• **What to produce**
A partial copy is required: transcribe exactly the lines from the one containing "Critical Review of" through the last line below, without any pictures.

• **Data provided**
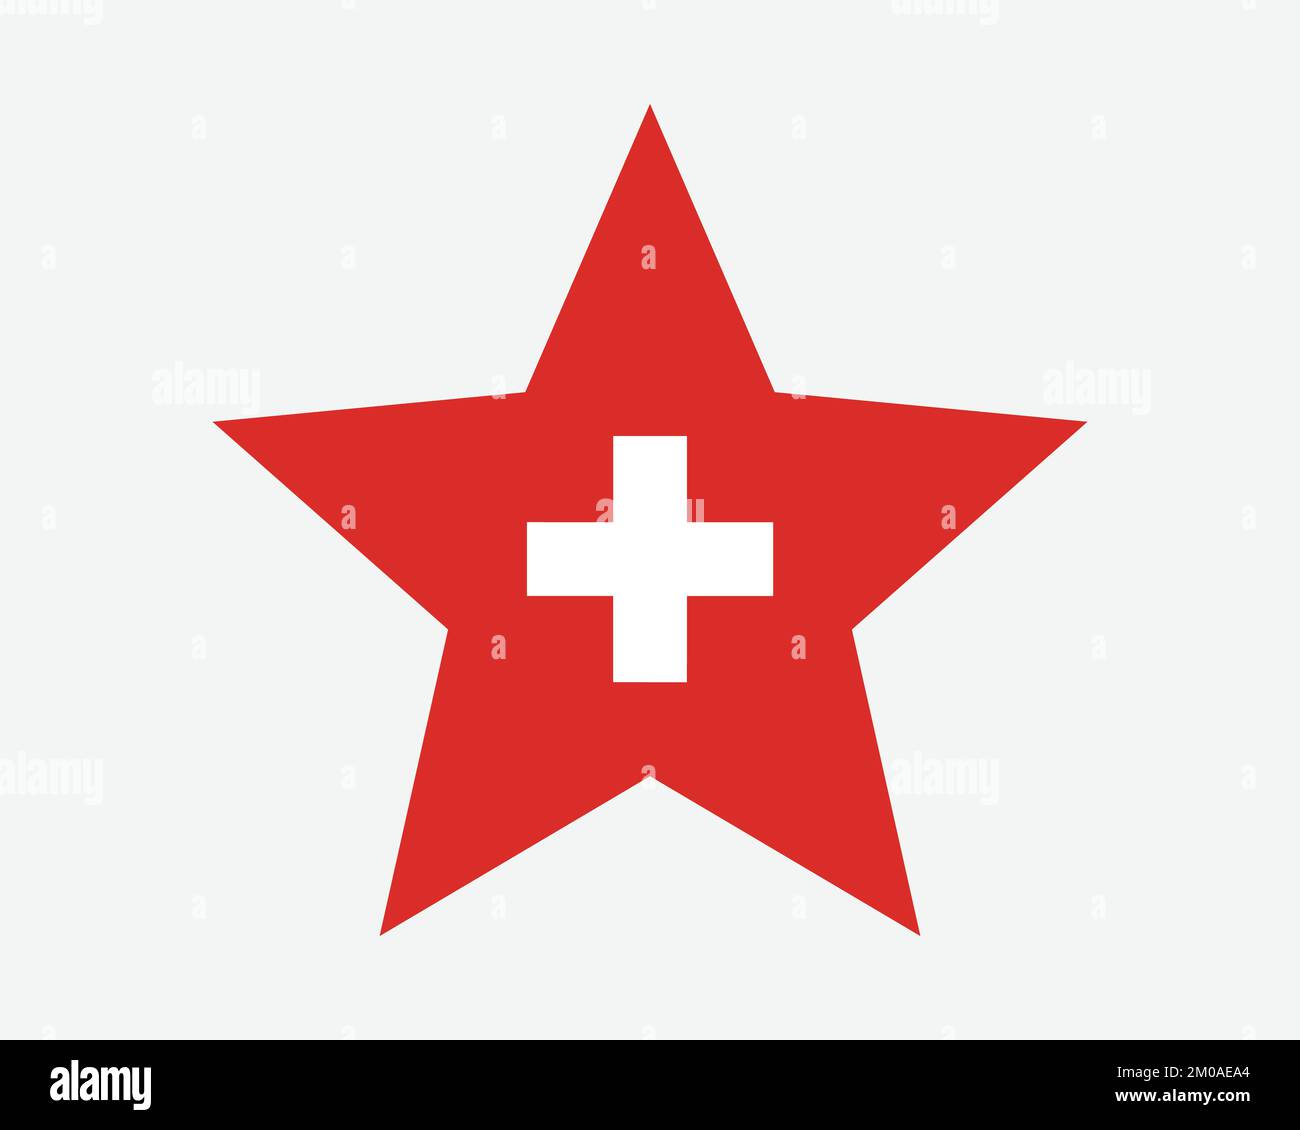 Switzerland Star Flag. Swiss Confederation Star Shape Flag. Country National Banner Icon Symbol Vector Flat Artwork Graphic Illustration Stock Vector
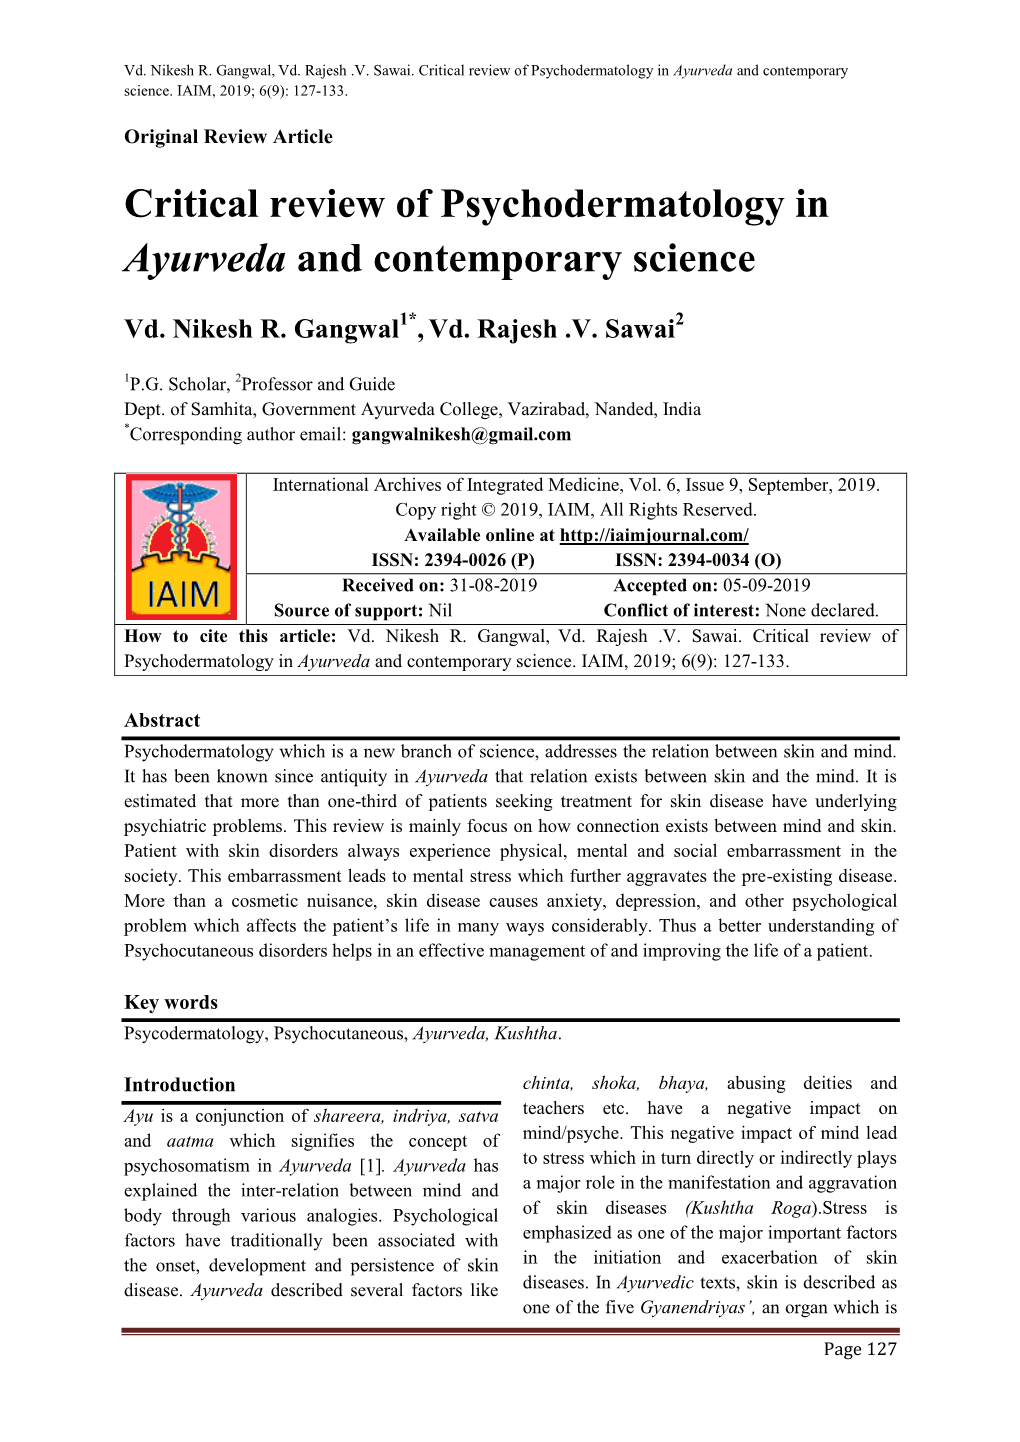 Critical Review of Psychodermatology in Ayurveda and Contemporary Science
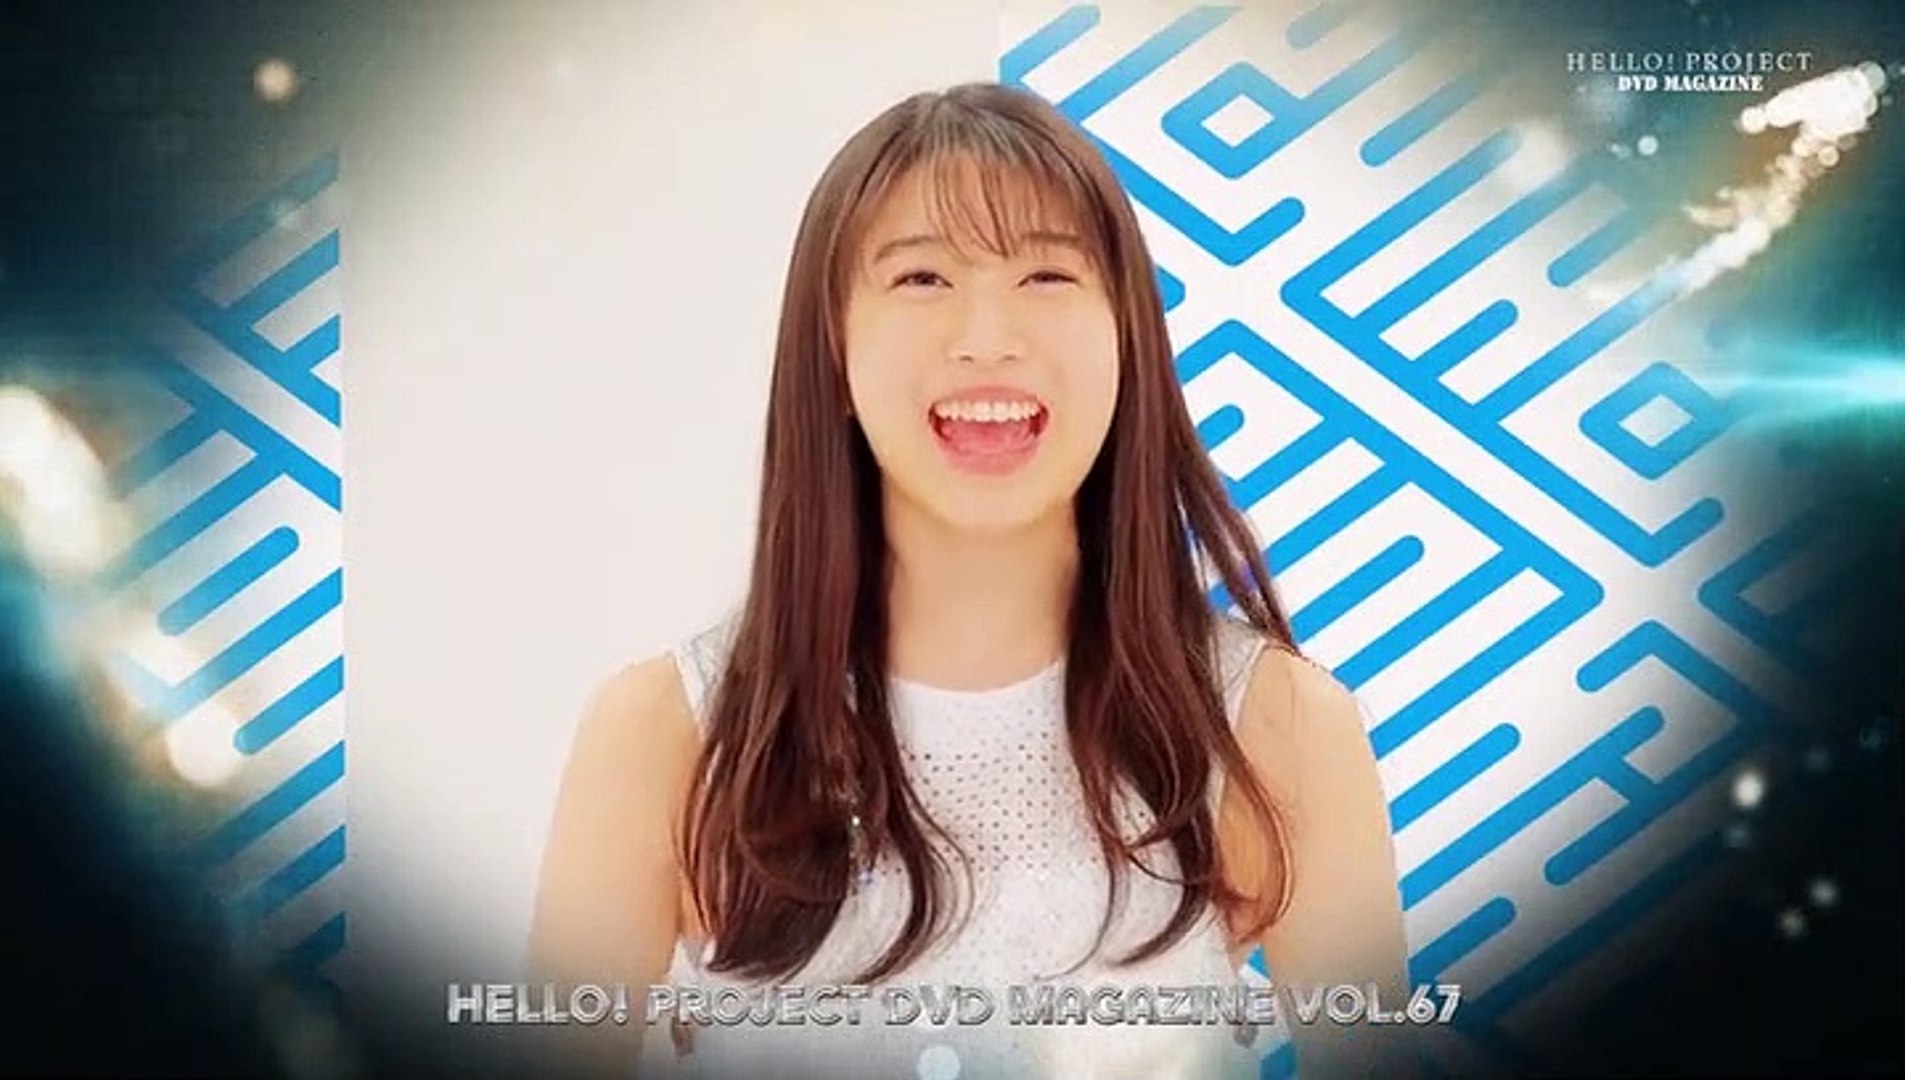 Hello! Project Dvd Magazine Vol.67 Disc 1 Part 1 - video Dailymotion

• **Expected answer**
 Critical Review of Psychodermatology in Ayurveda and Contemporary Science
 Hello! Project Dvd Magazine Vol.67 Disc 1 Part 1 - video Dailymotion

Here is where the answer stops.